Maintenant, tu apparais dans mes rêves, avec Fleur. Et ce sont mes plus beaux rêves.
✧ 18 «
Bonjour M. O’Neil,
Je vous contacte car une place de vétérinaire se libère dans la petite ville de Savannah. Nous serions heureux de vous compter parmi nous. Le Dr Collins m’a beaucoup parler de vous et de votre intérêt pour nos amis les animaux. Cette place sera votre dès que nous aurons un retour de votre part. Dites-moi quelles dates vous conviennent pour les présentations et un entretien éventuel.
A très vite,
Professeur Daughty. »
✧ 19 L’annonce à son père n’a pas été facile. Il le lui dit de but en blanc, lors d’un dîner avec ses grands-parents.

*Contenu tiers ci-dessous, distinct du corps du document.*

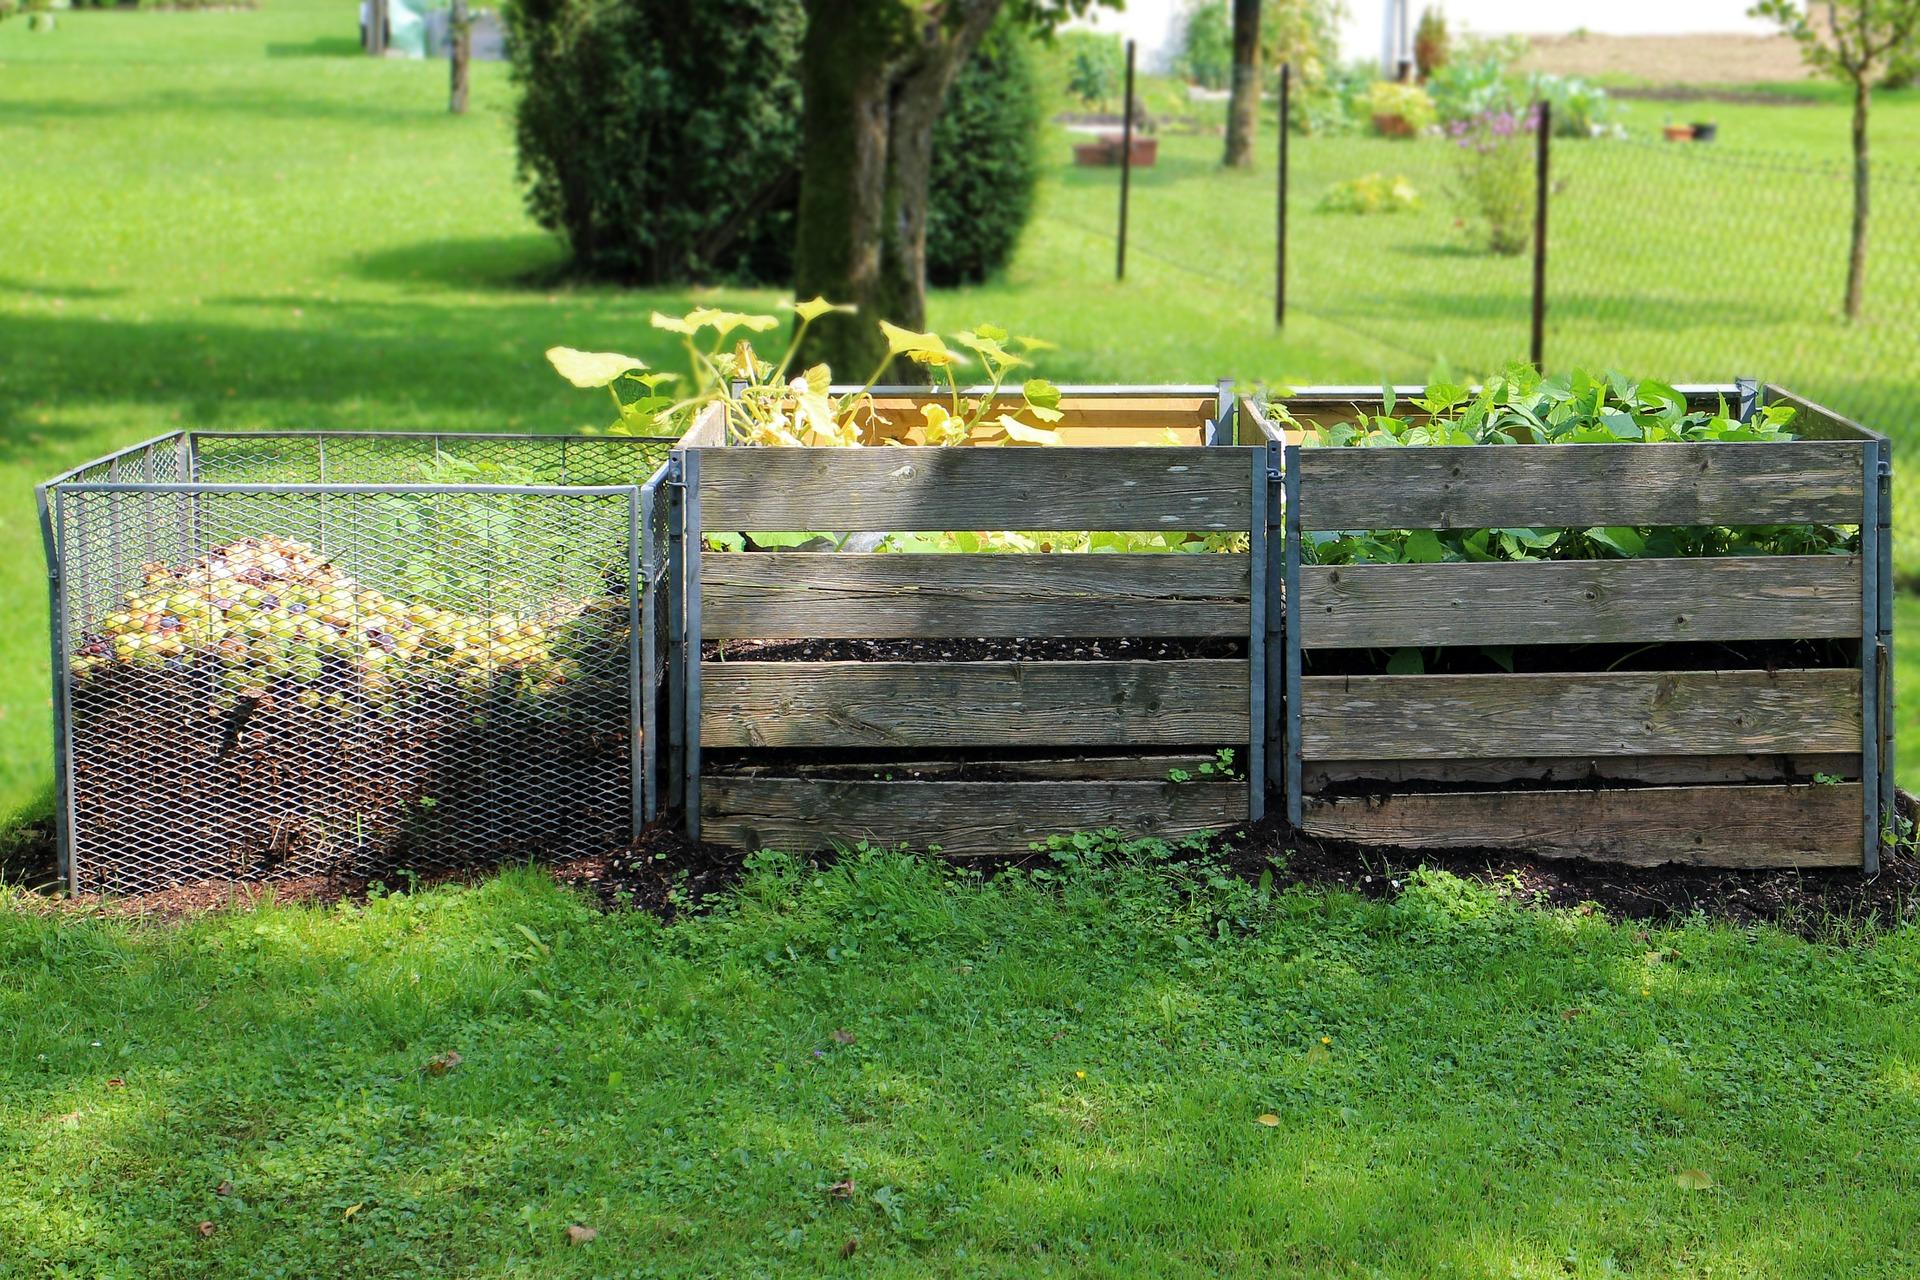 le compost mode d emploi jardiner autrement. Black Bedroom Furniture Sets. Home Design Ideas

Désolé papa, je ne pourrais pas rester avec toi. On m’offre une place à Savannah, en Georgie. Et j’ai très envie de partir. C’est une opportunité pour moi. Son père ne montra pas d’émotions. Bien sûr, cela le désolait de voir son fils partir à l’autre bout du pays. Mais sans doute avait-il besoin de s’éloigner, de se construire hors du cocon familial.

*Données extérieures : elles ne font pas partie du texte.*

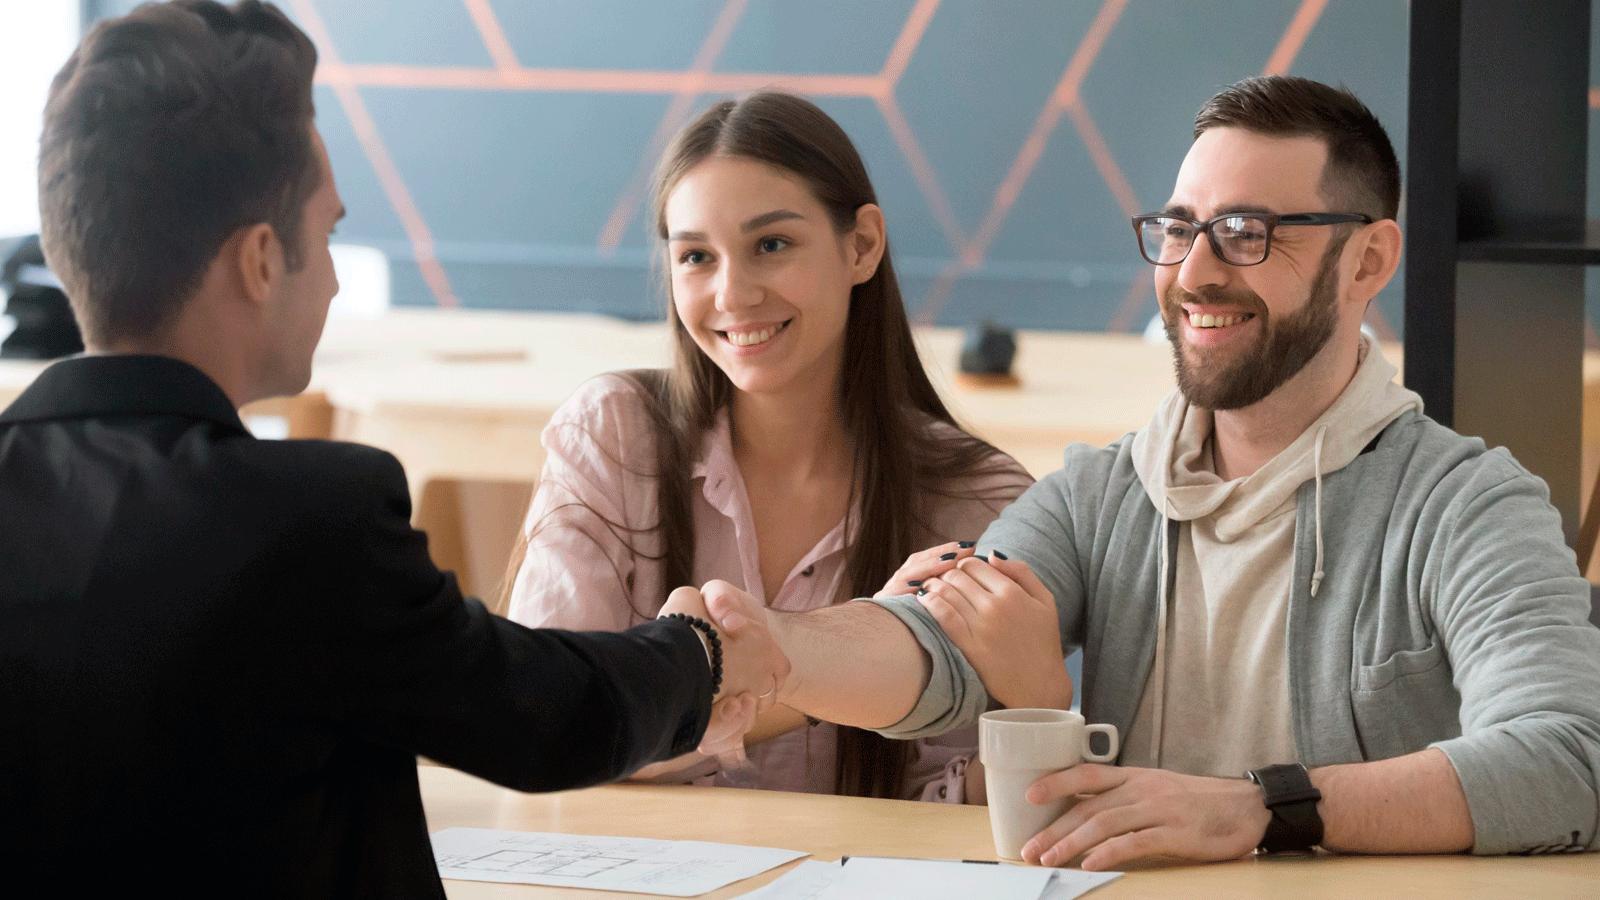 prestamos-hipotecarios-que-son-como-se-aplican

Il avait espéré, en tant que père, que Zaim reviendrait après ses études. De longues études de médecine, puis de médecine animalière… Puisqu’ils vivaient dans une grande ville - Los Angeles tout de même, il pratiquerait ici, à côté de lui, de sa famille. Mais non. Il allait partir, et il ne pouvait rien y faire. Il lui donna simplement l’obligation de venir au moins une fois tous les 6 mois. C’était là toute l’ascendance d’un père qu’il pouvait avoir sur son fils.
✧ 20 Savannah. Son petit aéroport, son air marin, ses bruits, son calme… Il n’avait jamais connu une telle ville. Il avait hâte. Excité par son travail avant tout, il voulait découvrir ce nouveau lieu enchanté.